Wait, are you really comparing Sasuke to Base Jiraiya here ? 

With CS, Sasuke >> Jiraiya in speed, durability, chakra potency and most likely strength too.
Like Jiraiya'd get overwhelmed so quickly, he literally stands absolutely no chance without SM.



> Shit, did you just imply Jiraiya's shape alteration isn't >>>>>>>>>>>>>> Sasuke, when Jiraiya can bust out Chou Oddoma Rasengan. Homie please.


2015
rasengan


Rasengan = shit.

On the other hand, Kirin shits on any shape manipulation Jiraiya has ever shown.
Hell, Kirin shits on anything Jiraiya has shown including all of his arsenal in SM.


----------



## Trojan (Jul 8, 2015)

> Rasengan = shit.



Surely not as shit as Amatersu. 
Naruto implied that getting hit by Amatersu is a certain defeat



> CS has its own benefits and portrayed more or less on a similar level in the war arc.


Not sure what manga have you been reading. 
Go to those CS users, and then come with a straight face and tell us how they are compared to SM Hashirama, SM Naruto, and SM Kabuto for example. 



> Like Jiraiya'd get overwhelmed so quickly, he literally stands absolutely no chance without SM.


The wank is real. 
Jiraiya can fodderstomps Sasuke and take a dumb in his mouth in base. 

Hell, the jutsu he used to make itachi run for his life can pretty much 1-shot Sasuke since he does not have Amatersu
to save him like itachi did. lol



> Sasuke >> Jiraiya in Ninjutsu though



Lol, not even close. 
Jiraiya has 4 elements, and Yin and Yang, and many other jutsu. His fire jutsu shits all over Sasuke's fire jutsu.


----------



## Rocky (Jul 8, 2015)

Grimmjowsensei said:


> It really isn't.
> CS has its own benefits and portrayed more or less on a similar level in the war arc.



The Stage 2 Curse Seal is about even with one tail of Kurama's chakra. That isn't even comparable to Sage Mode. Pain & The Third Raikage would have no diffed KN1, for instance.

The Curse Seal (like KN1) was not an impressive powerup in Part II. Just look at how it made absolutely no difference in the dying Itachi fight.


----------



## Hachibi (Jul 8, 2015)

Rocky said:


> The Stage 2 Curse Seal is about even with one tail of Kurama's chakra. That isn't even comparable to Sage Mode. Pain & The Third Raikage would have no diffed KN1, for instance.
> 
> The Curse Seal (like KN1) was not an impressive powerup in Part II. Just look at how it made absolutely no difference in the dying Itachi fight.

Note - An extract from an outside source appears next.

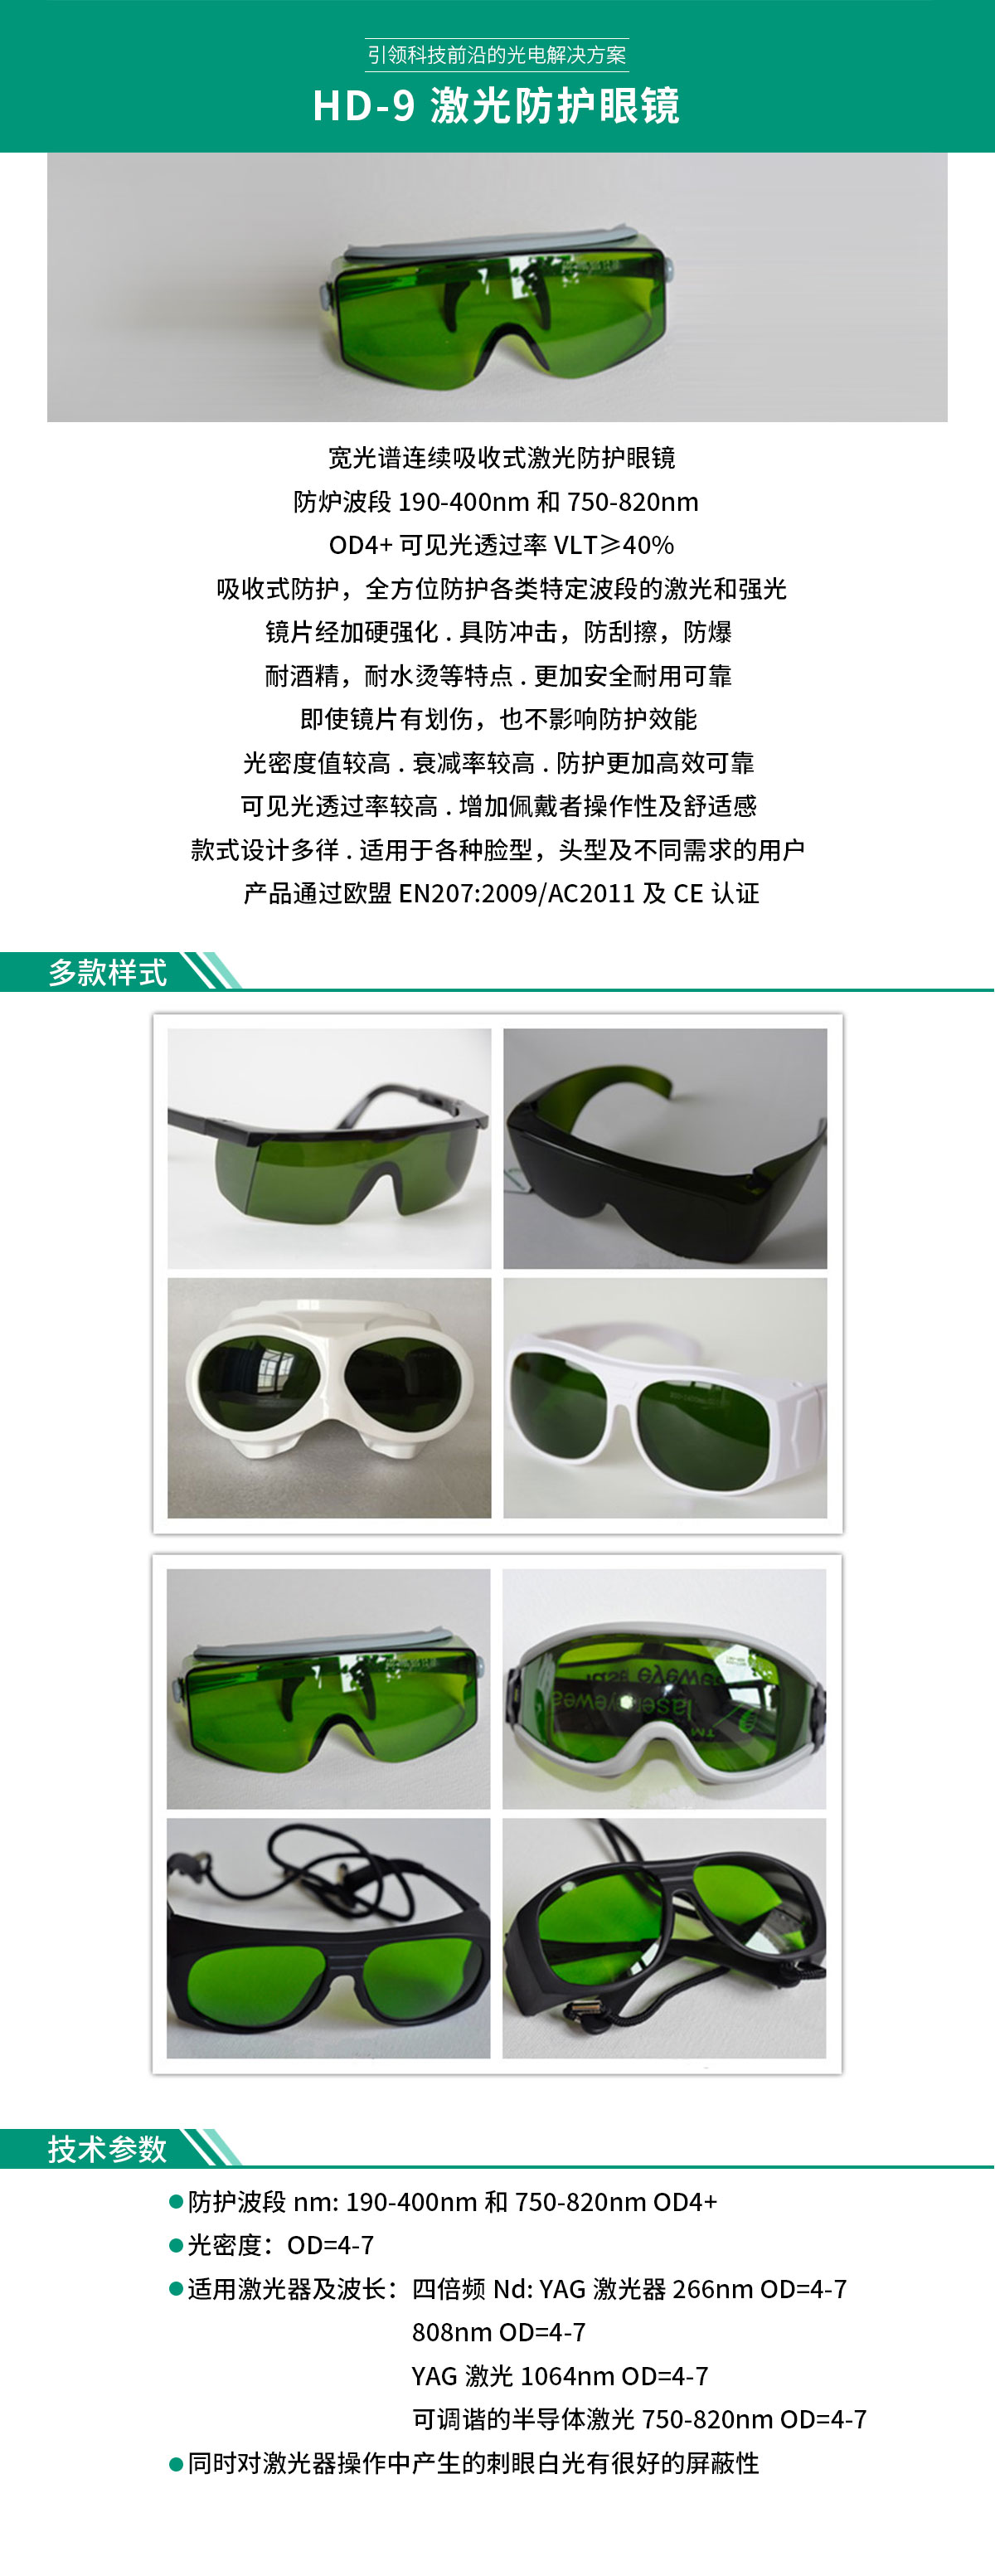 HD-9-激光防護眼鏡

Actually, it did. CS give its user chakra if I remember correctly (ie. going CS2 to throw Dragon Katon.)


----------



## Bookworm (Jul 8, 2015)

Rocky said:


> The Stage 2 Curse Seal is about even with one tail of Kurama's chakra. That isn't even comparable to Sage Mode. Pain & The Third Raikage would have no diffed KN1, for instance.
> 
> The Curse Seal (like KN1) was not an impressive powerup in Part II. Just look at how it made absolutely no difference in the dying Itachi fight.



When CS2 was first used and unmastered it was even with the one tail in power. It had high durability as well.


----------



## Trojan (Jul 8, 2015)

Hachibi said:


> Actually, it did. CS give its user chakra if I remember correctly (ie. going CS2 to throw Dragon Katon.)



The funny part when I say Tayuya > itachi. They jumb on saying how that does not work because
Kabuto has SM, and made the Genjutsu "sooo much better" that it effected itachi.

Now he is not in the equation, they are all the same.


----------



## Hachibi (Jul 8, 2015)

Hussain said:


> The funny part when I say Tayuya > itachi. They jumb on saying how that does not work because
> Kabuto has SM, and made the Genjutsu "sooo much better" that it effected itachi.
> 
> Now he is not in the equation, they are all the same.



>Comparing a Mastered SM with a Unmastered one.


----------



## Trojan (Jul 8, 2015)

Glad you agree. So, SM > CS.


----------



## Hachibi (Jul 8, 2015)

Hussain said:


> Glad you agree. So, SM > CS.



That isn't what I'm talking about.


----------



## Trojan (Jul 8, 2015)

I know, you were trying a pitiful try to say
Kabuto's SM > Jiraiya's SM

which will lead us to

Juugo's fake SM > Sasuke's fake SM

still remains
Jiraiya > Juugo > Sasuke. 

they are not equal one way or the other.


----------



## Hachibi (Jul 8, 2015)

Hussain said:


> I know, you were trying a pitiful try to say
> Kabuto's SM > Jiraiya's SM
> 
> which will lead us to
> ...



...What?

Juugo is better than Jiraiya at Senjutsu because his body absorb it passively and he has perfect control over it when near someone who can calm him.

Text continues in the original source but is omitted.